* **EXERCISE**
In the records below, find the line containing "Rickie Locke’s big" and the line containing "1950 Buick Special". Give again exactly those lines and every line between them, omitting the pictures.

* **MATERIAL TO PROCESS**
*** Begin section ***

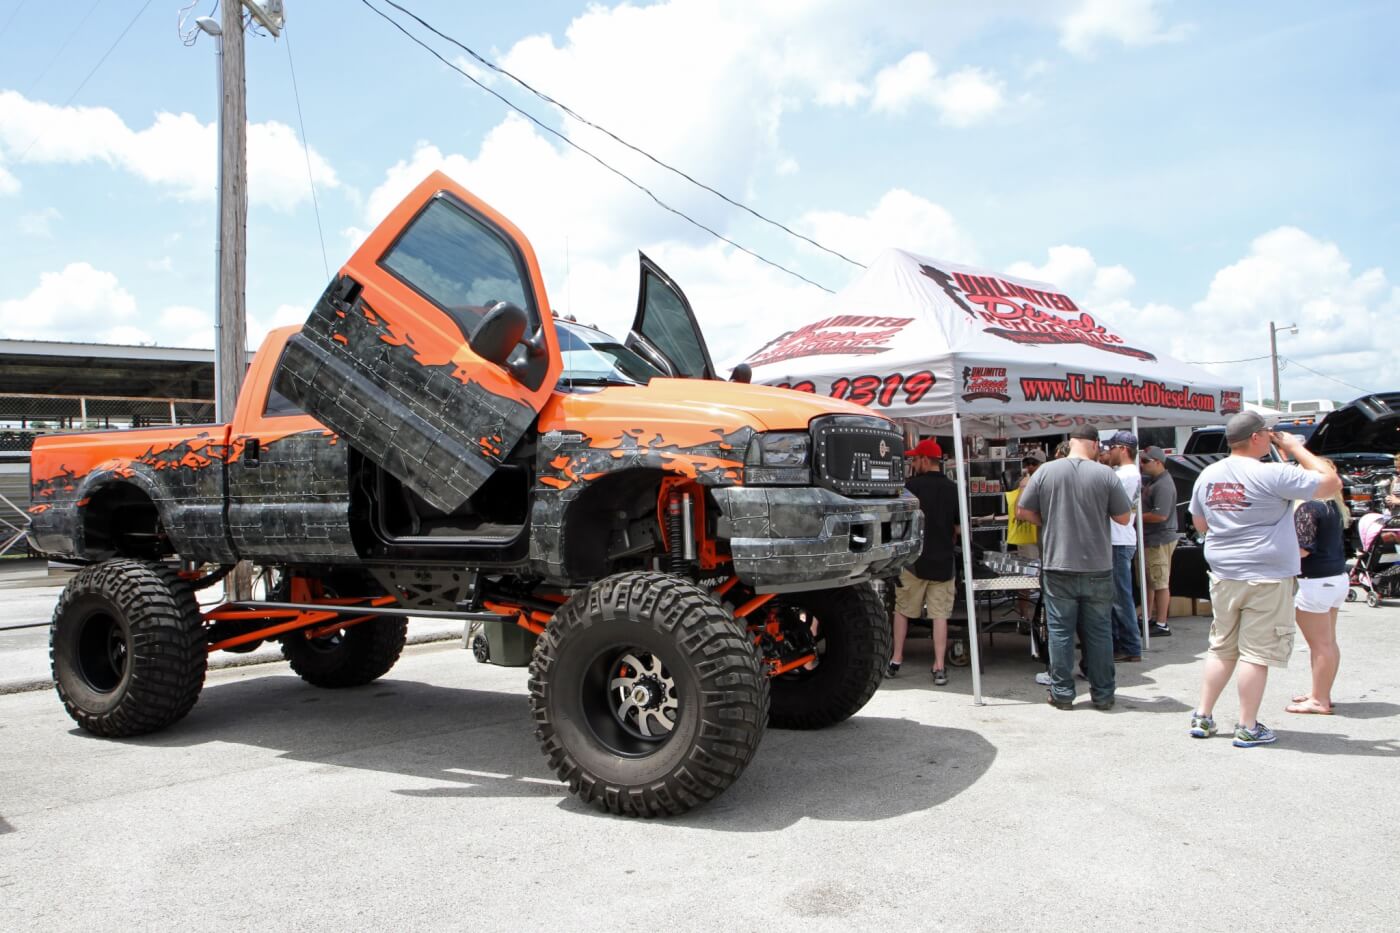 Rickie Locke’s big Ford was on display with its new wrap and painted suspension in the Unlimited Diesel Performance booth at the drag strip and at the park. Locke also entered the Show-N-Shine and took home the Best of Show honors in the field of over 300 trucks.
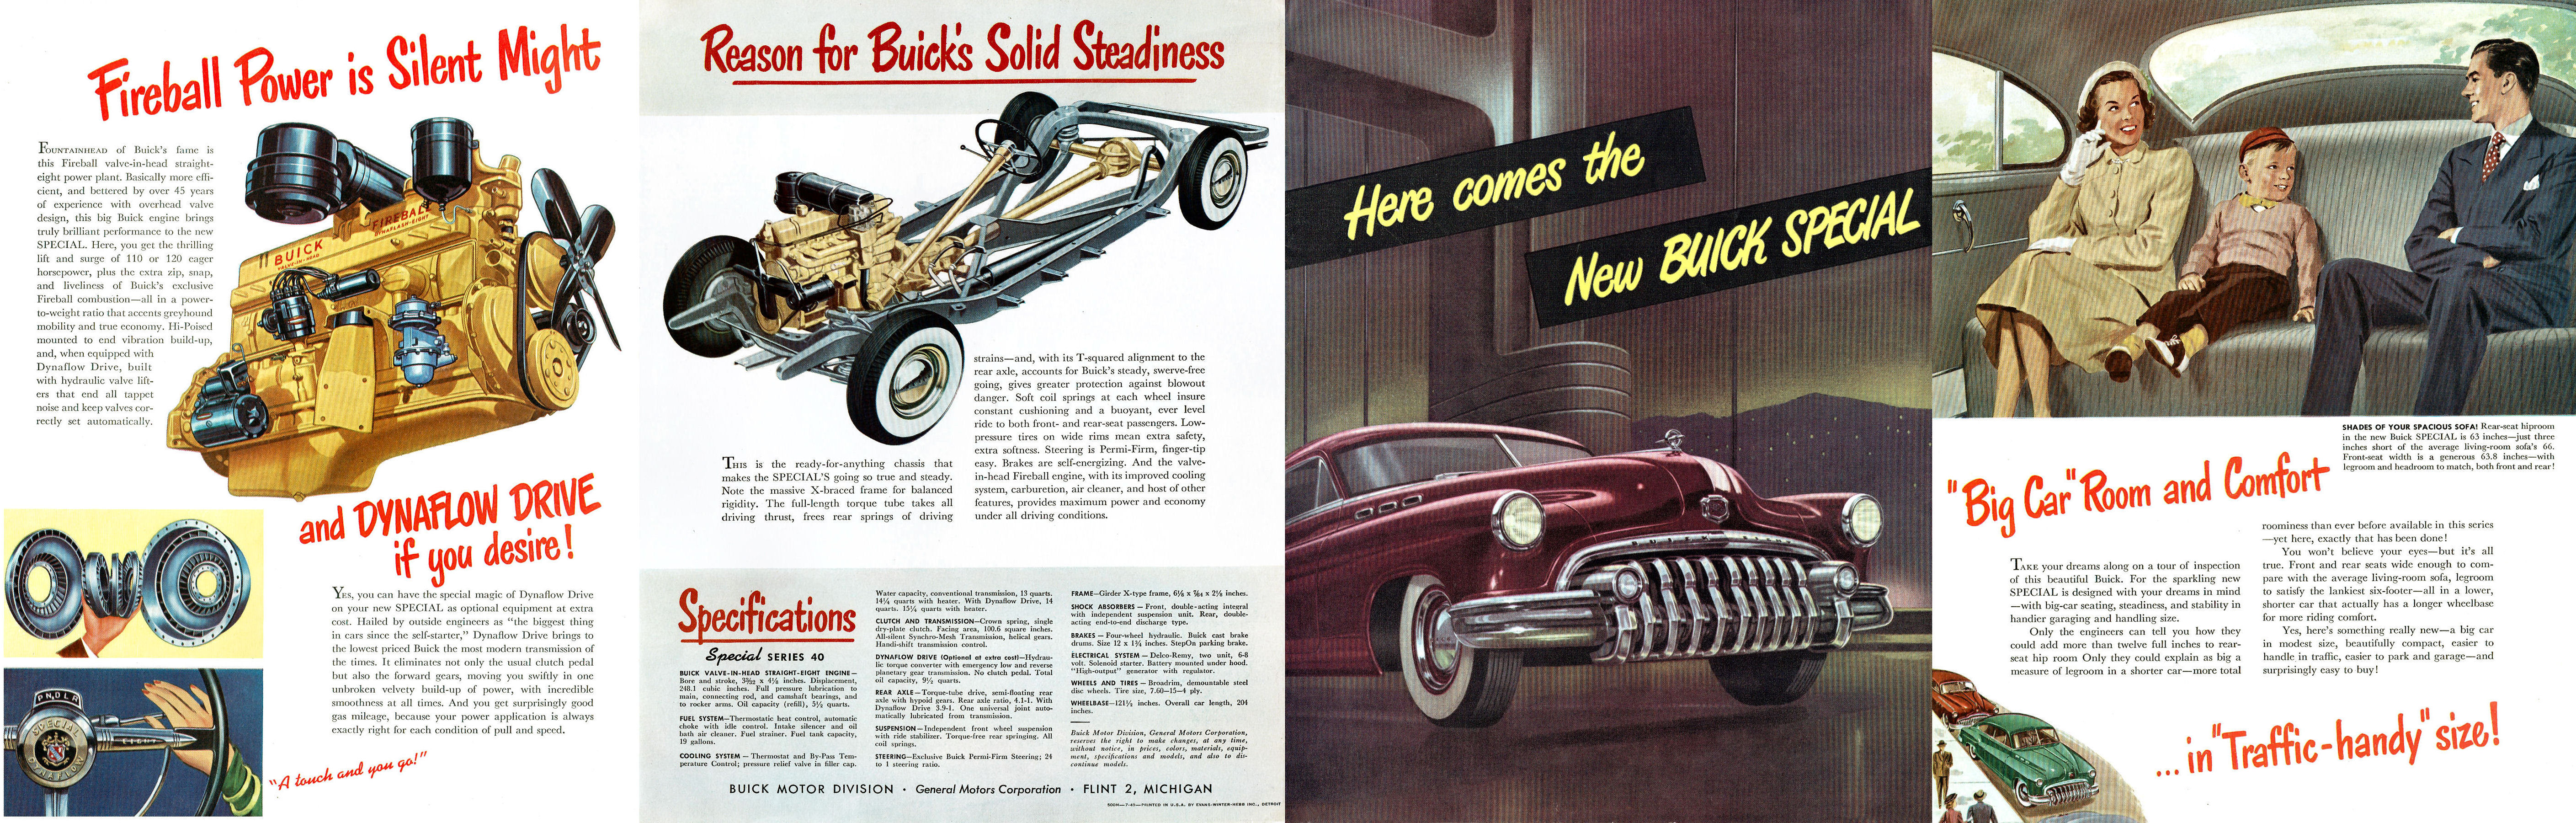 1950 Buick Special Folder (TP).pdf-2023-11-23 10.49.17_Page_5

*** End section ***
*** Begin section ***

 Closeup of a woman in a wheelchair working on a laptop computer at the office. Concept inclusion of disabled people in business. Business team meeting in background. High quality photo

*** End section ***

* **RESPONSE TO THIS EXERCISE**
 Rickie Locke’s big Ford was on display with its new wrap and painted suspension in the Unlimited Diesel Performance booth at the drag strip and at the park. Locke also entered the Show-N-Shine and took home the Best of Show honors in the field of over 300 trucks.
 1950 Buick Special Folder (TP).pdf-2023-11-23 10.49.17_Page_5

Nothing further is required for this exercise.